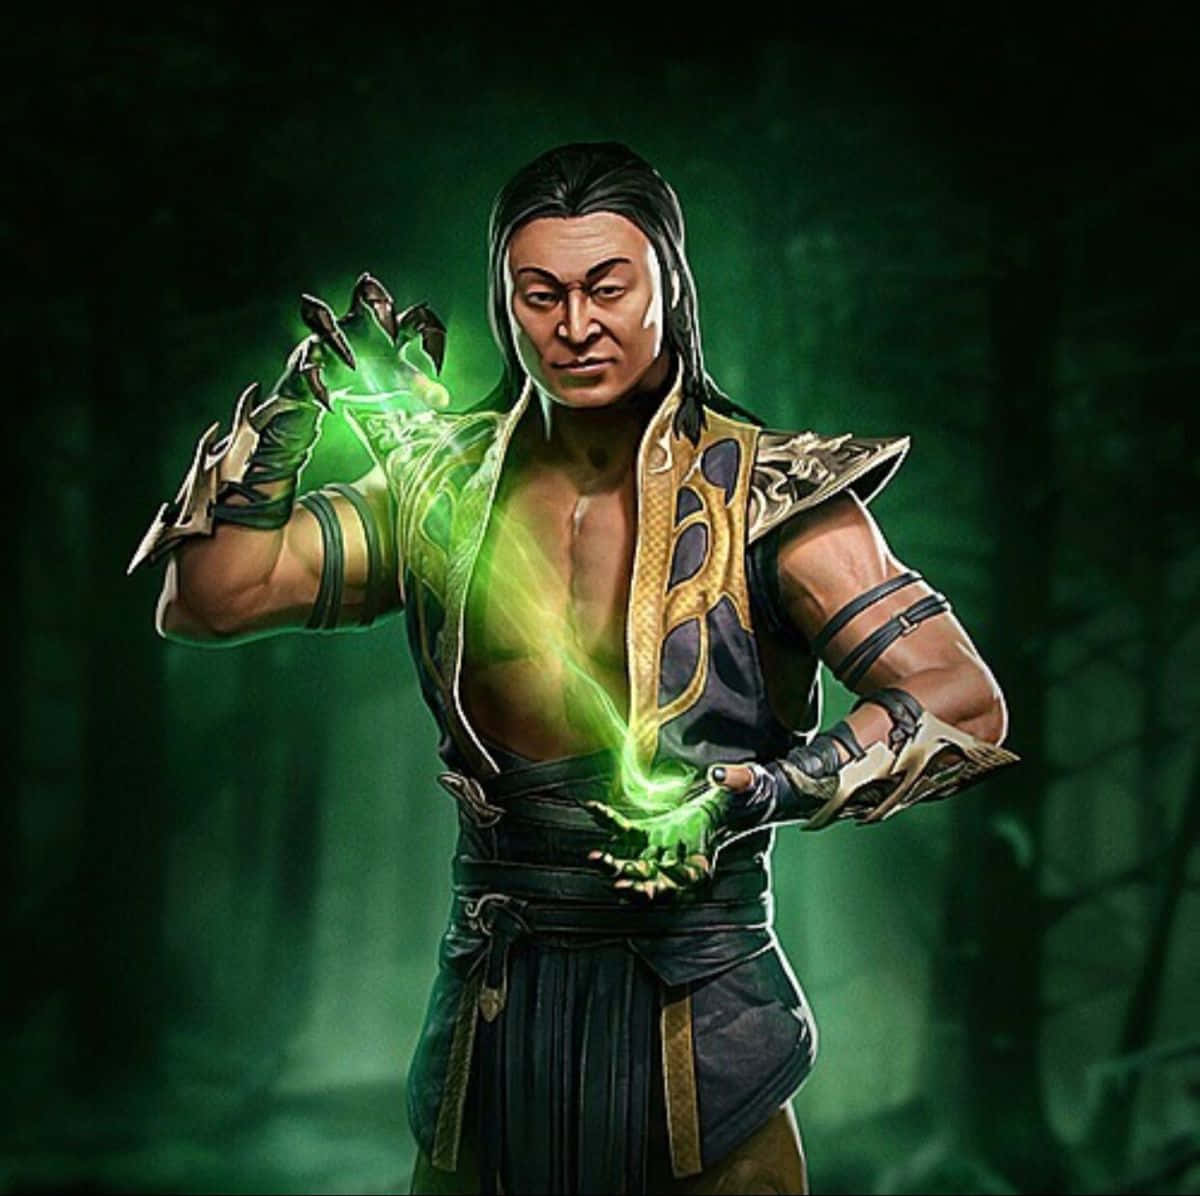 Download The Mighty Shapeshifter Shang Tsung of Mortal Kombat Wallpaper
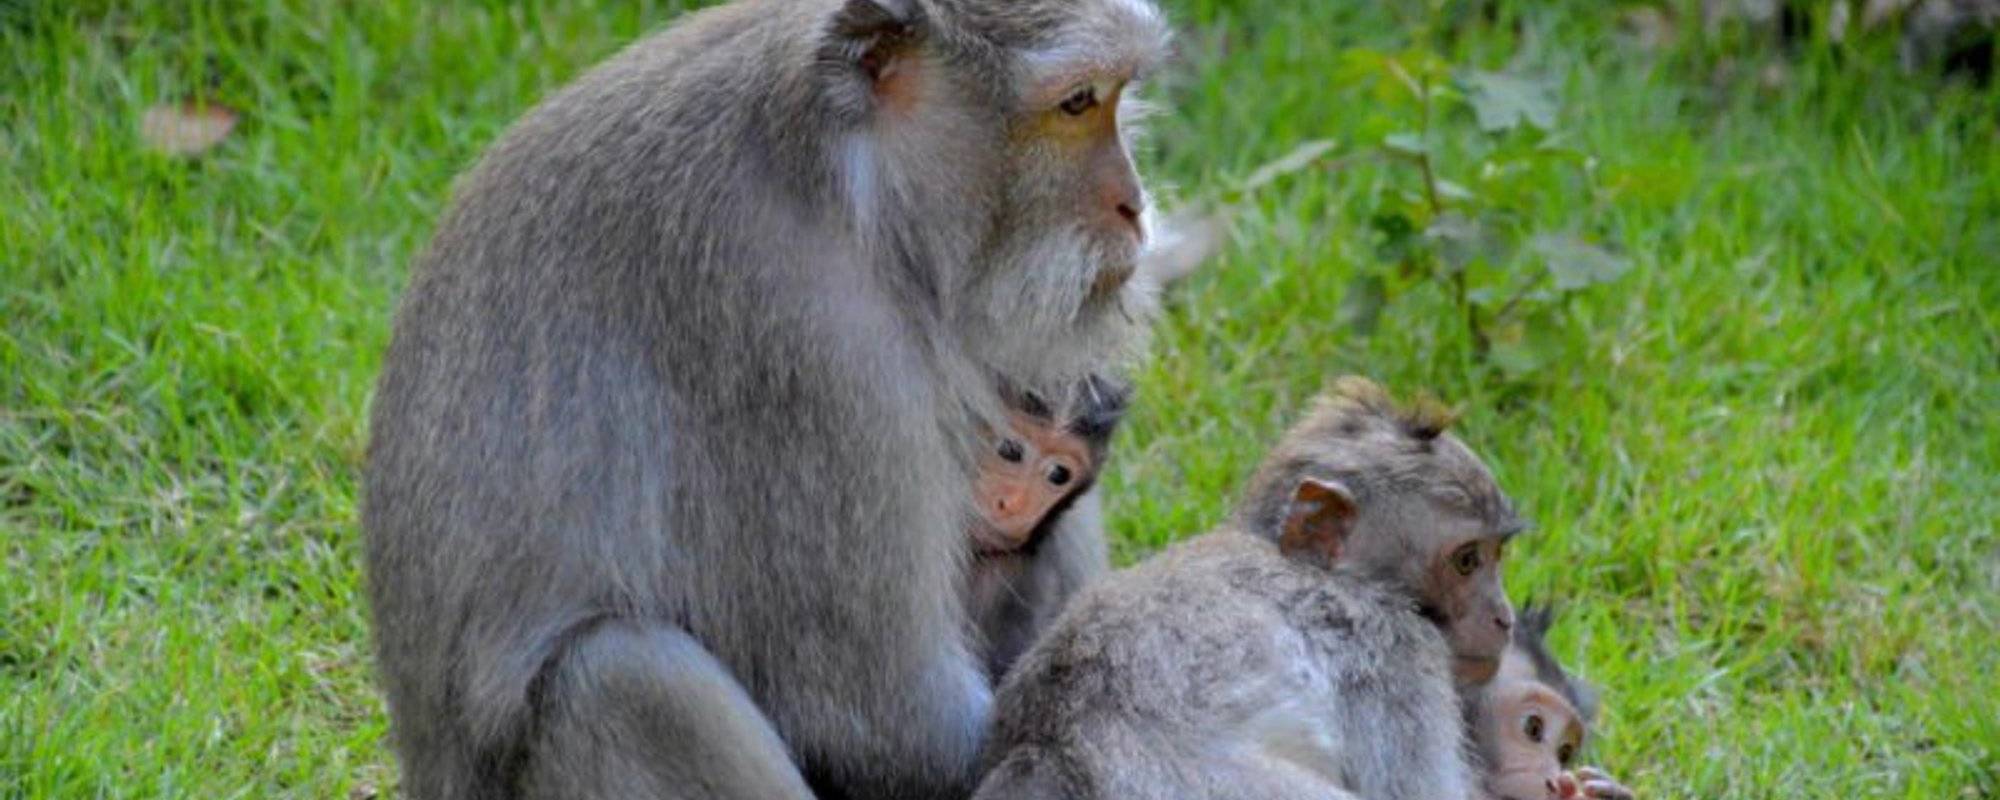 10 Reasons to Visit Ubud Monkey Forest
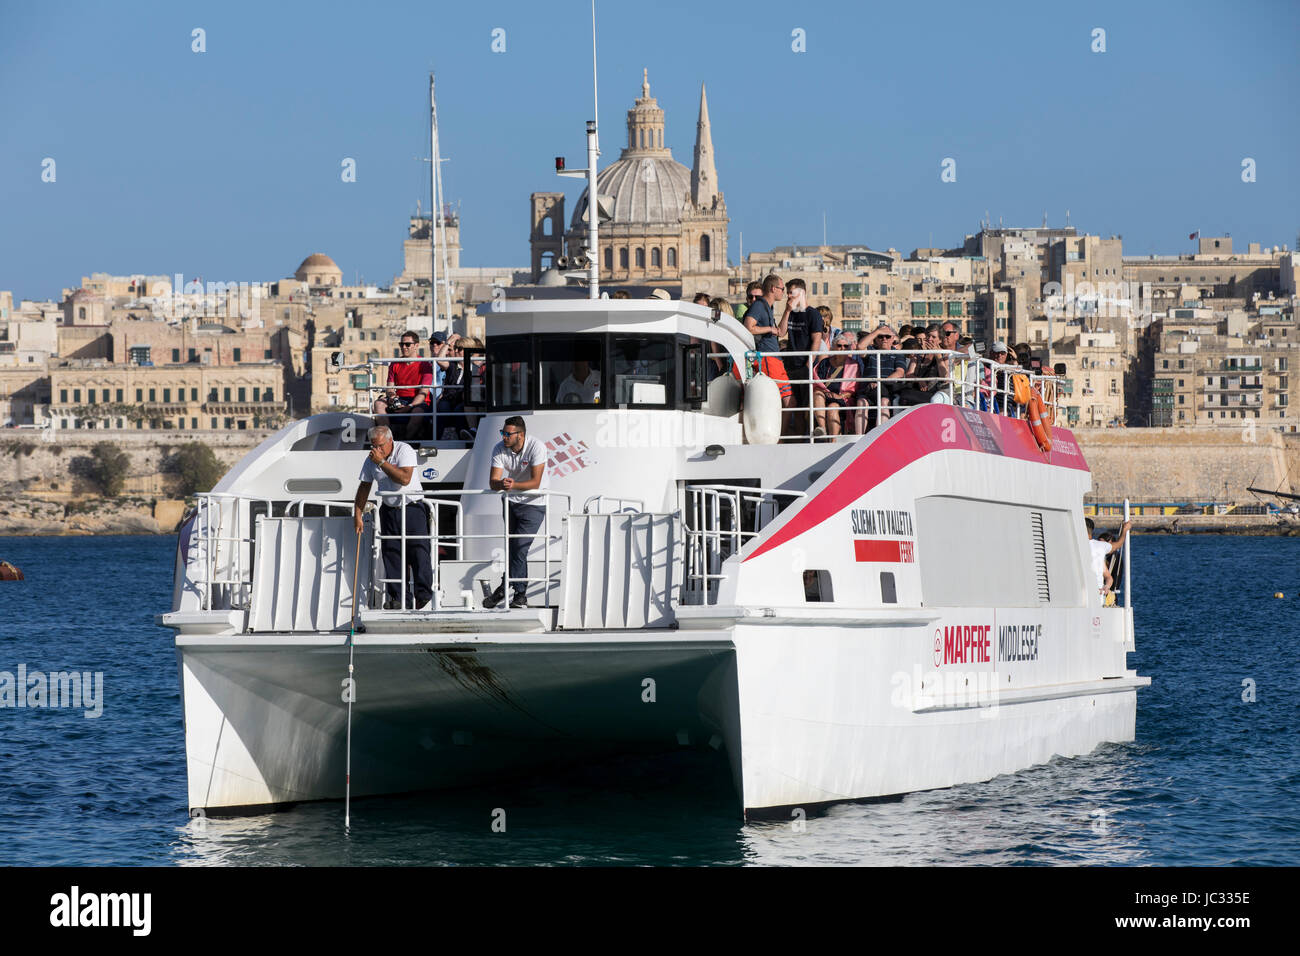 Malta, Valletta, skyline of the old town, ferry to Valletta from Sliema, Stock Photo
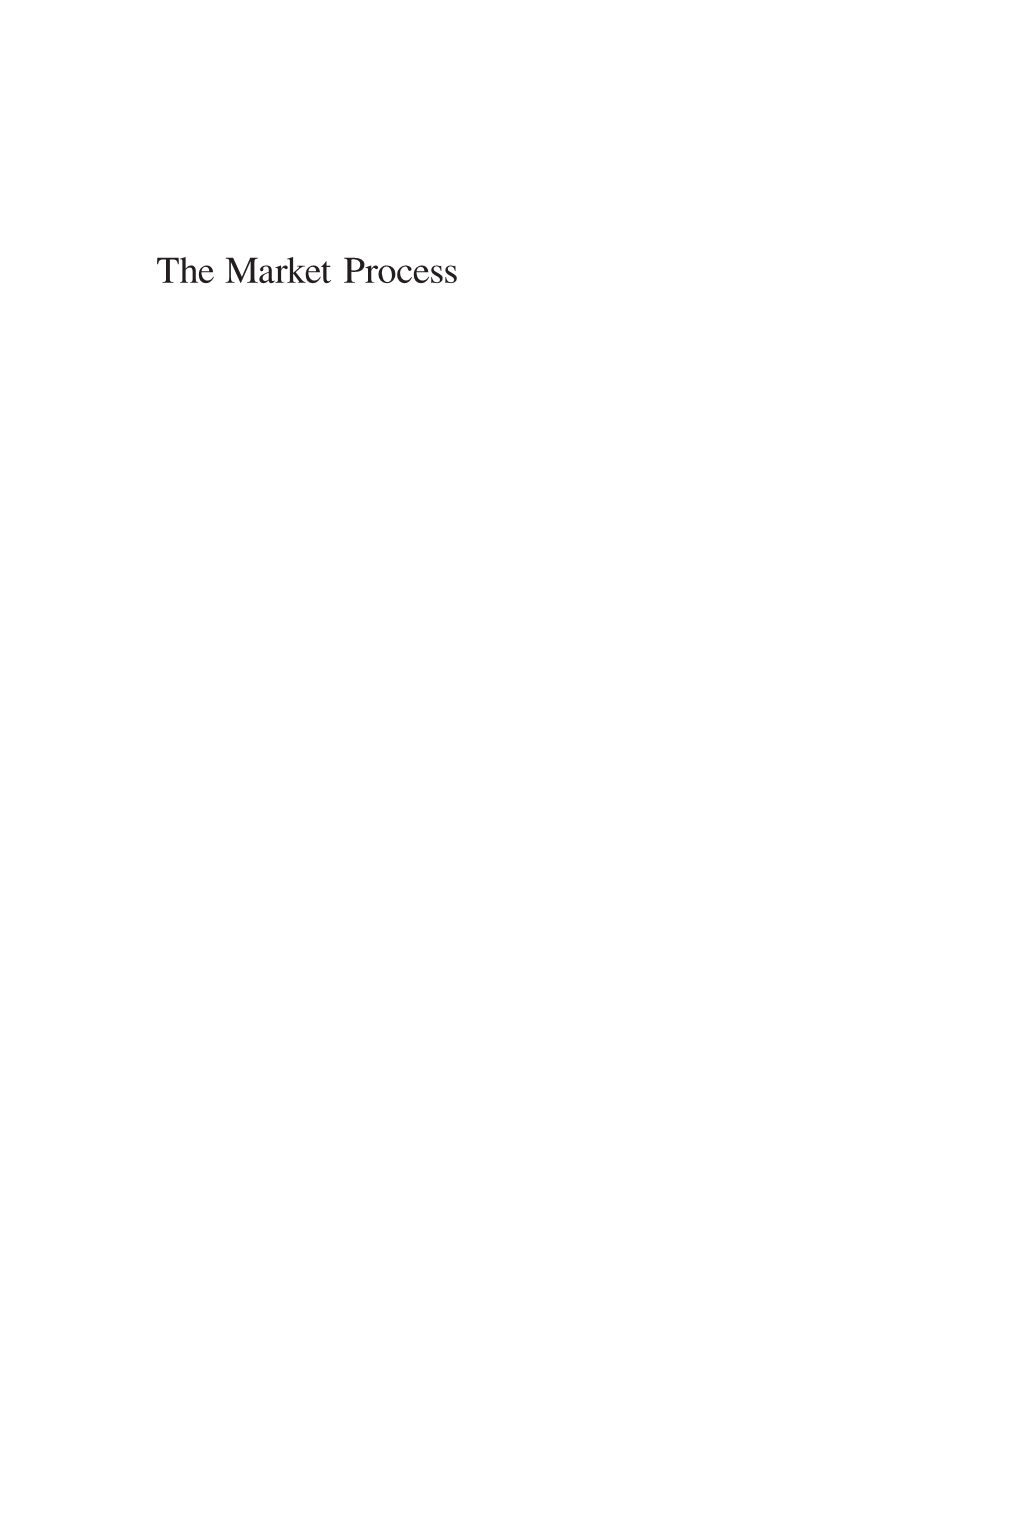 Boettke & Prychitko, the Market Process

Instructions for the task →
Word for word, give again the lines from the line holding "10 Reasons to Visit Ubud Monkey Forest" through the last line of the material, both included; pictures are not part of the copy.

Solution to this task →
 10 Reasons to Visit Ubud Monkey Forest
 Malta, Valletta, skyline of the old town, ferry to Valletta from Sliema, Stock Photo
 Boettke & Prychitko, the Market Process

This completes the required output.